An elderly woman-servant came out, in answer to the flyman's summons; and at her call, a rough-looking young man emerged from the wooden gate opening into a rustic-looking stable-yard, where the lower half of the old mill stood, half-hidden by ivy and other greenery, and where there were dovecotes and a dog-kennel.

Mr. Oliver superintended the removal of his niece's trunks, and then stepped back into the fly.

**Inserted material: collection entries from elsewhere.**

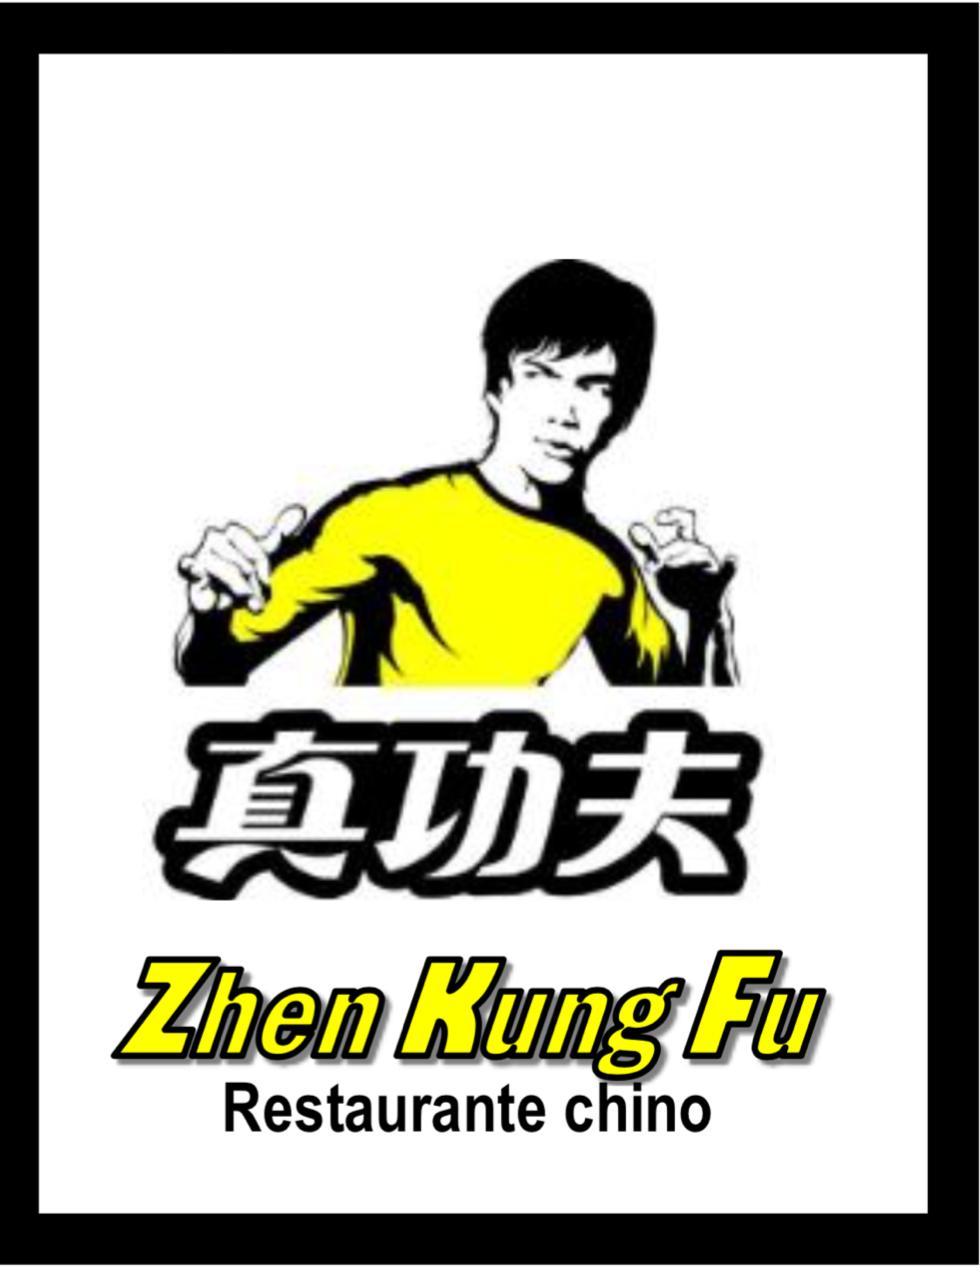 Zhen Kung Fu
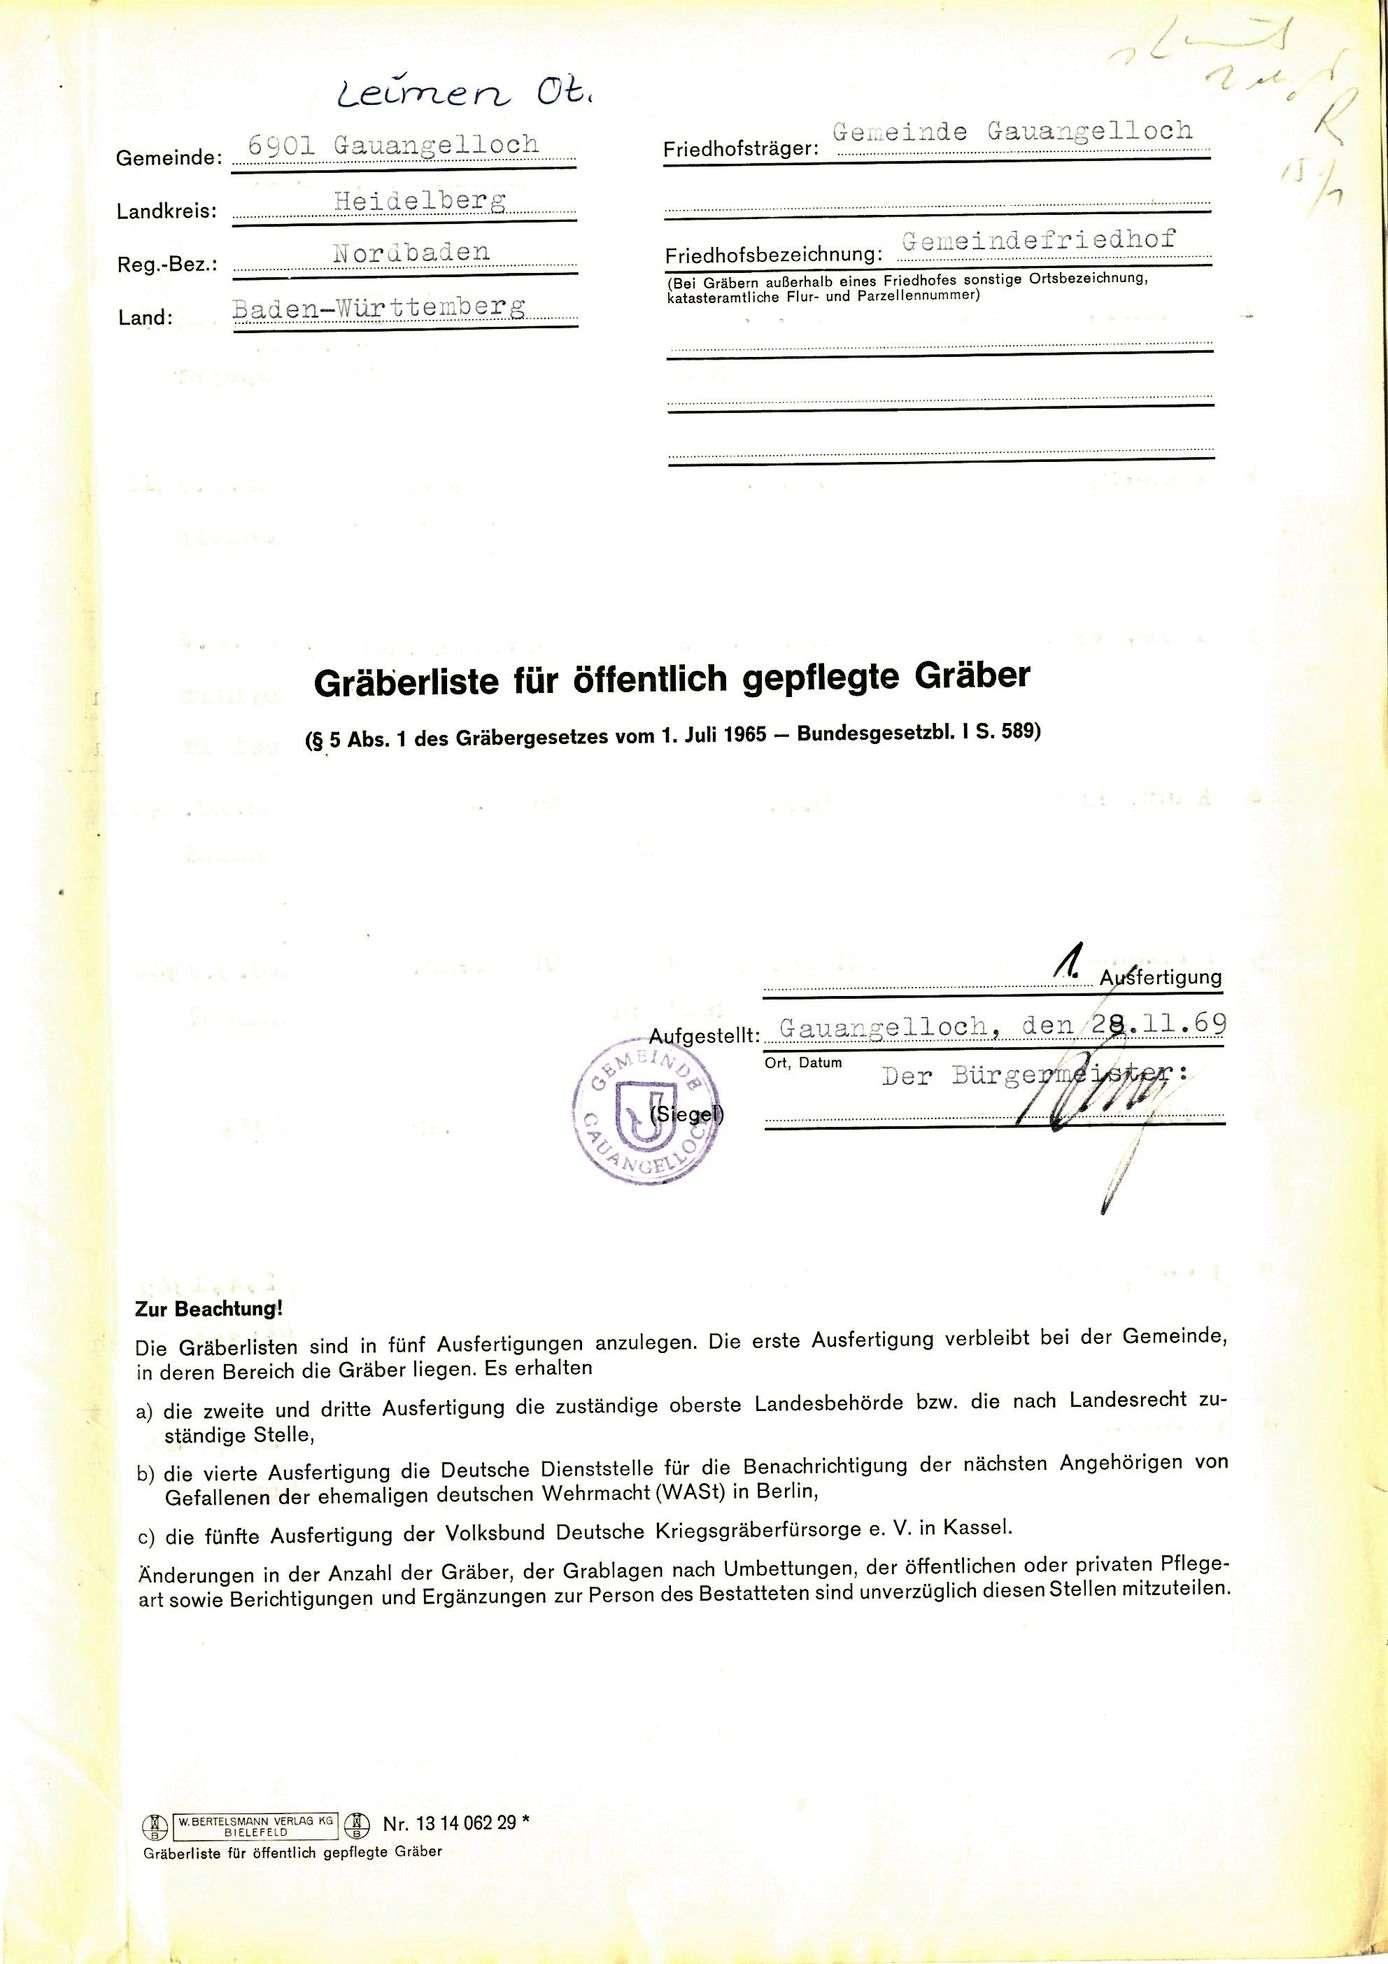 Gauangelloch, Bild 1
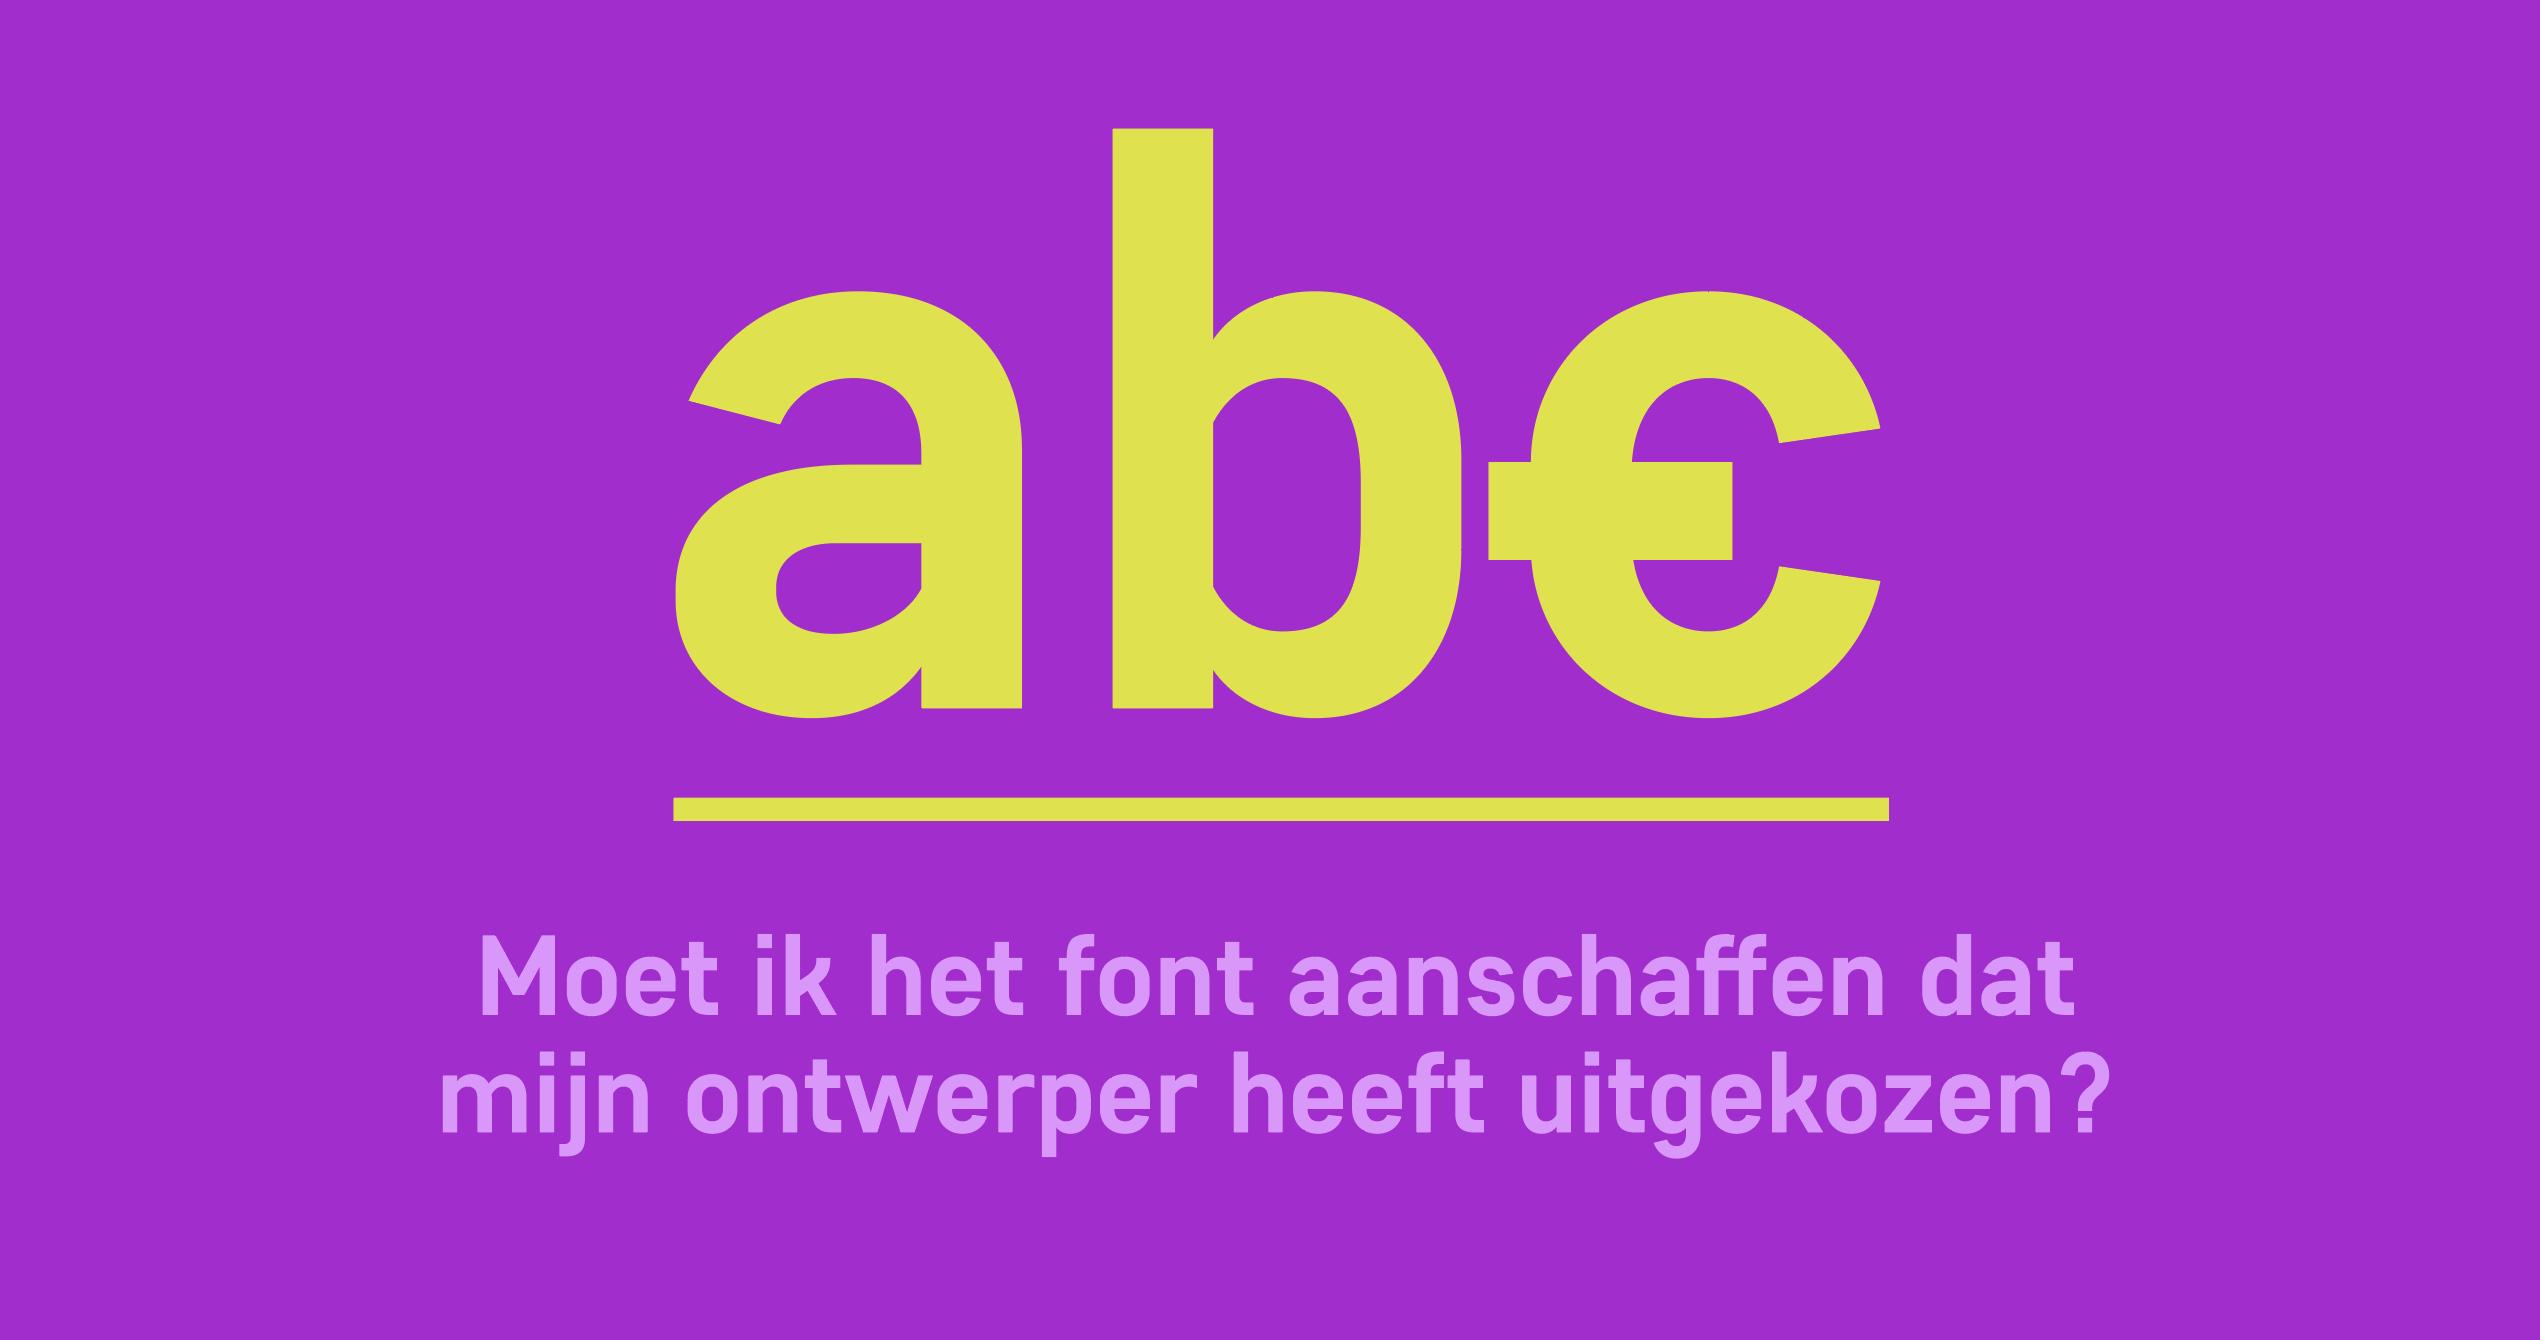 Moet ik het font aanschaffen dat mijn grafisch ontwerper heeft uitgekozen?
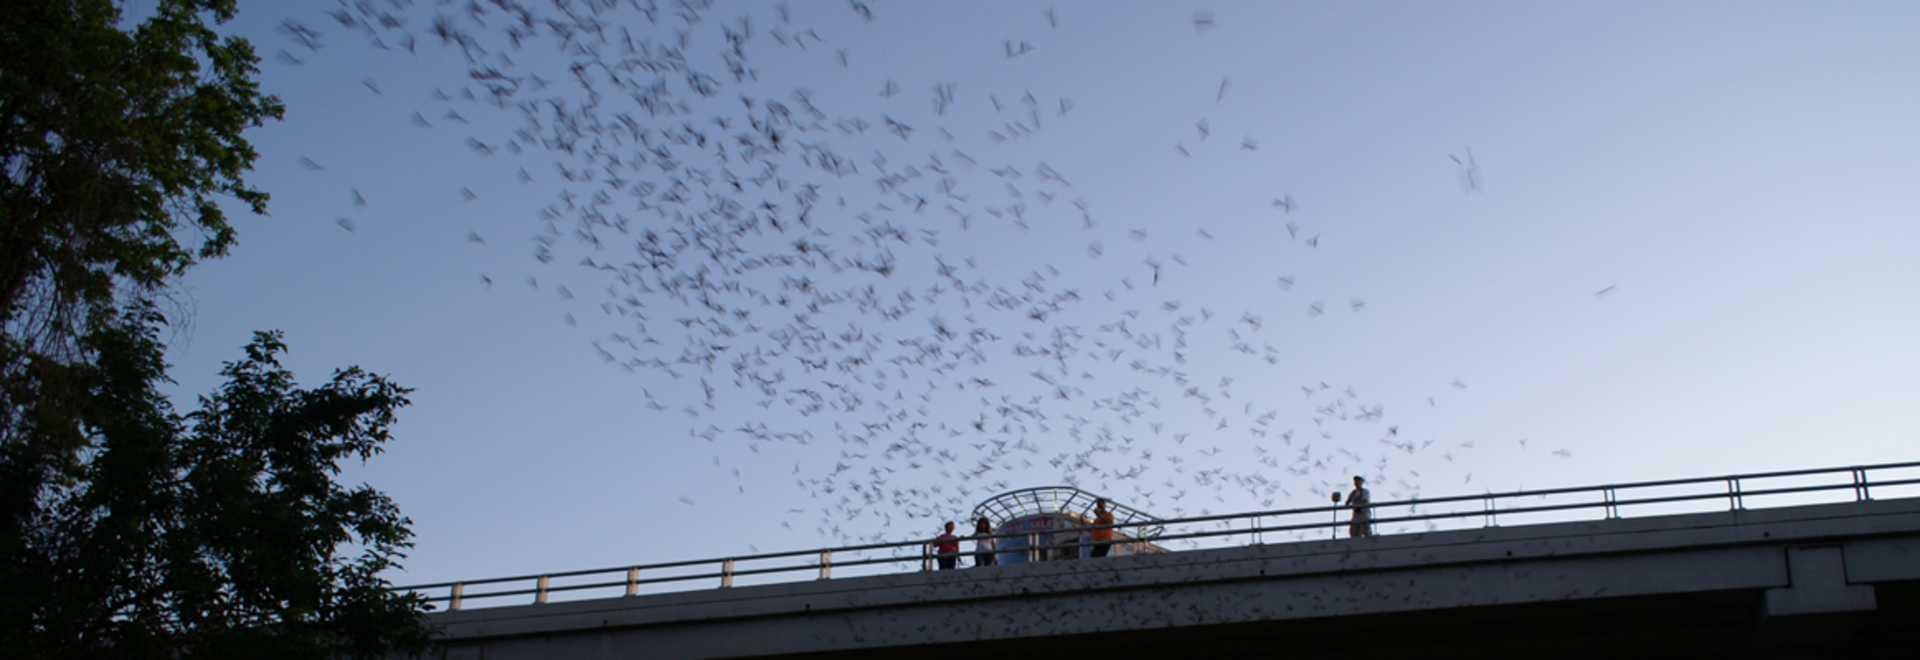 waugh bats

"There's not the slightest use in my stopping to see your father, Clary," he said; "he won't show for a couple of hours at least. Good-bye, my dear; make yourself as comfortable as you can. And come and see your aunt as soon as you've recovered from your long journey, and keep up your spirits, my dear.--Martha, be sure you give Miss Lovel a good breakfast.--Drive back to the Rectory, coachman.--Good-bye, Clarissa;" and feeling that he had shown his niece every kindness that the occasion required, Mr. Oliver bowled merrily homewards. He was a gentleman who took life easily--a pastor of the broad church--tolerably generous and good to his poor; not given to abnormal services or daily morning prayer; content to do duty at Holborough parish church twice on a Sunday, and twice more in the week; hunting a little every season, in a black coat, for the benefit of his health, as he told his parishioners; and shooting a good deal; fond of a good horse, a good cellar, a good dinner, and well-filled conservatories and glass-houses; altogether a gentleman for whom life was a pleasant journey through a prosperous country. He had, some twenty years before, married Frances Lovel; a very handsome woman--just a little faded at the time of her marriage--without fortune. There were no children at Holborough Rectory, and everything about the house and gardens bore that aspect of perfect order only possible to a domain in which there are none of those juvenile destroyers.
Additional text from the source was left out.